Breaking Down the Inequality

To accurately represent the solution set for the inequality $3(8-4x) < 6(x-5)$ on a number line, we must first systematically solve the inequality. This involves isolating the variable x on one side of the inequality sign. The process begins by applying the distributive property to both sides of the inequality. The distributive property states that for any numbers a, b, and c, $a(b+c) = ab + ac$. Applying this property to our inequality, we get: $3 * 8 - 3 * 4x < 6 * x - 6 * 5$, which simplifies to $24 - 12x < 6x - 30$. This step is crucial as it removes the parentheses and allows us to combine like terms. The distributive property is a cornerstone of algebraic manipulation, and mastering its application is essential for solving more complex equations and inequalities. It ensures that each term within the parentheses is correctly multiplied, maintaining the balance and integrity of the equation. Now that we've applied the distributive property, the next step is to consolidate the x terms and the constant terms. We aim to group all terms containing x on one side of the inequality and all constant terms on the other side. This is achieved by adding or subtracting terms from both sides of the inequality. Remember, the key principle is to maintain the balance of the inequality; any operation performed on one side must also be performed on the other side. This ensures that the inequality remains valid and the solution set remains unchanged. We will now delve into the specific steps for isolating x, ensuring each step is clearly explained and justified. Understanding the logic behind each operation is as important as the operation itself, as it builds a deeper understanding of the mathematical principles at play.

Isolating the Variable

Having simplified the inequality to $24 - 12x < 6x - 30$, our next goal is to isolate the variable x. To achieve this, we need to group the x terms on one side and the constant terms on the other. A common strategy is to move the x terms to the side that will result in a positive coefficient for x. In this case, adding $12x$ to both sides of the inequality will eliminate the $-12x$ term on the left side and result in a positive coefficient for x on the right side. This gives us: $24 - 12x + 12x < 6x - 30 + 12x$, which simplifies to $24 < 18x - 30$. This step is crucial because it simplifies the inequality and brings us closer to isolating x. Adding the same term to both sides of an inequality is a fundamental operation that preserves the inequality's validity. It's like adding the same weight to both sides of a balance scale – the scale remains balanced. Now that we have the x terms on one side, we need to move the constant terms to the other side. To do this, we add 30 to both sides of the inequality: $24 + 30 < 18x - 30 + 30$, which simplifies to $54 < 18x$. By adding 30 to both sides, we have successfully isolated the x term on the right side of the inequality. This step mirrors the previous one, reinforcing the principle of maintaining balance in an inequality.

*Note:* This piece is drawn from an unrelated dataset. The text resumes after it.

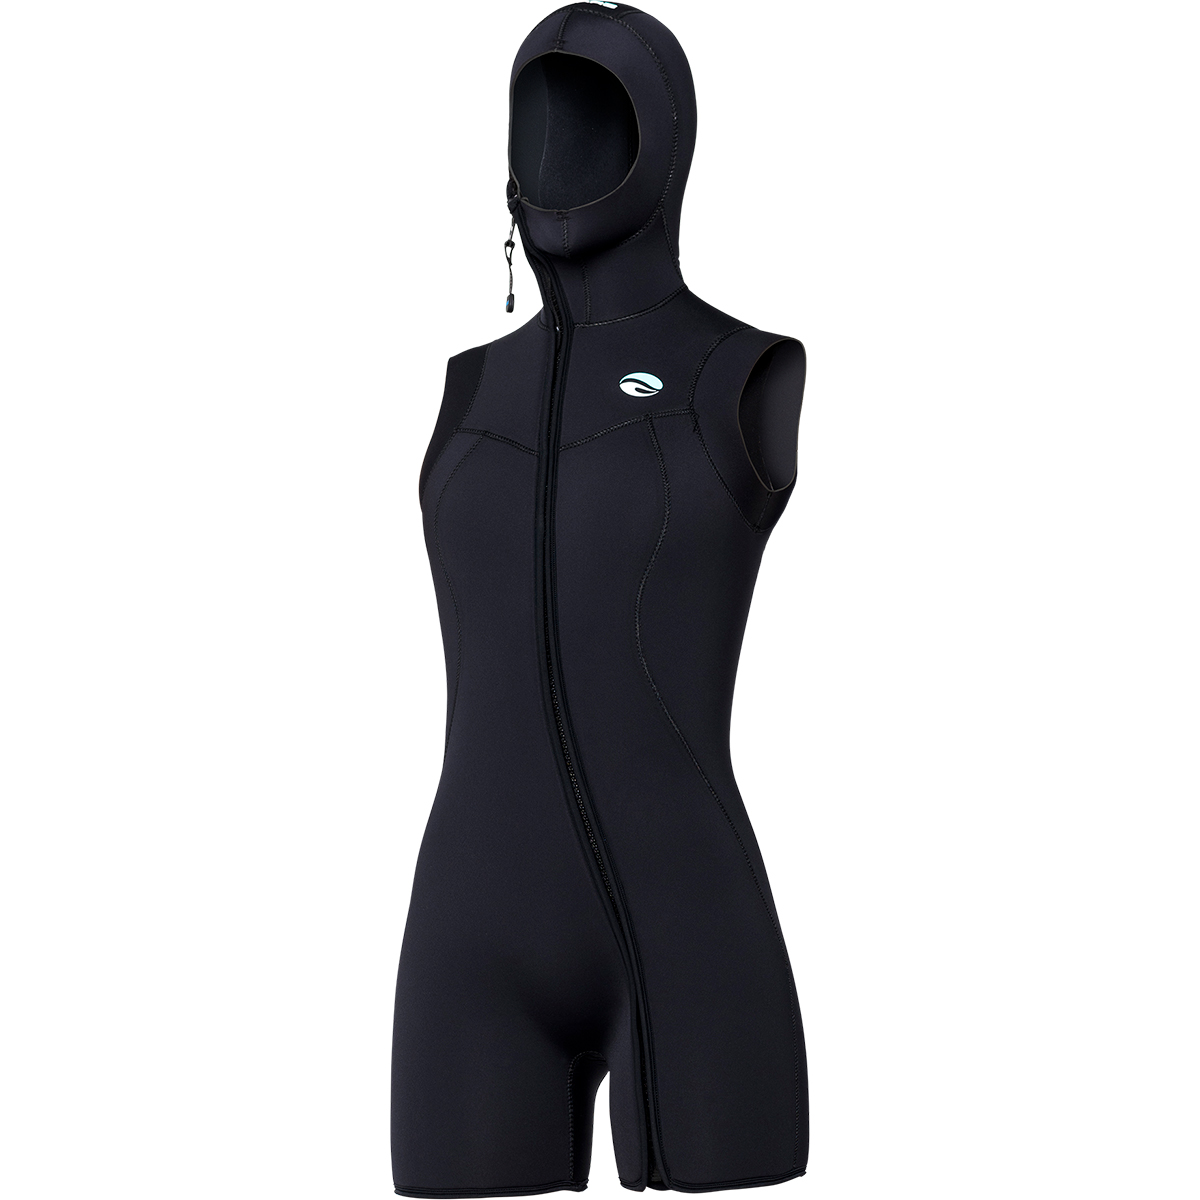 7mm  Step-in Hooded Vest - Women

With the variable term and constant term separated, we are now in a position to solve for x directly. The next step involves dividing both sides of the inequality by the coefficient of x.

Solving for x

Now that we have the inequality in the form $54 < 18x$, the final step in solving for x is to divide both sides of the inequality by 18. This isolates x on the right side of the inequality, giving us the solution set. Dividing both sides by 18, we get: $54 / 18 < (18x) / 18$, which simplifies to $3 < x$. This can also be written as $x > 3$. This result tells us that the solution set includes all values of x that are greater than 3. It's crucial to remember that when dividing (or multiplying) both sides of an inequality by a negative number, the direction of the inequality sign must be reversed. However, in this case, we are dividing by a positive number (18), so the direction of the inequality sign remains unchanged. The solution $x > 3$ represents an infinite set of numbers. Any number greater than 3 satisfies the original inequality. This includes numbers like 3.0001, 4, 5, 10, 100, and so on. Understanding that inequalities often have an infinite number of solutions is a key concept in algebra. Now that we have the solution set, the next step is to represent this set on a number line. This visual representation provides a clear and intuitive understanding of the solution and its range. The number line will show all the values of x that satisfy the inequality, and it will also highlight the boundary point (in this case, 3) and whether or not it is included in the solution set.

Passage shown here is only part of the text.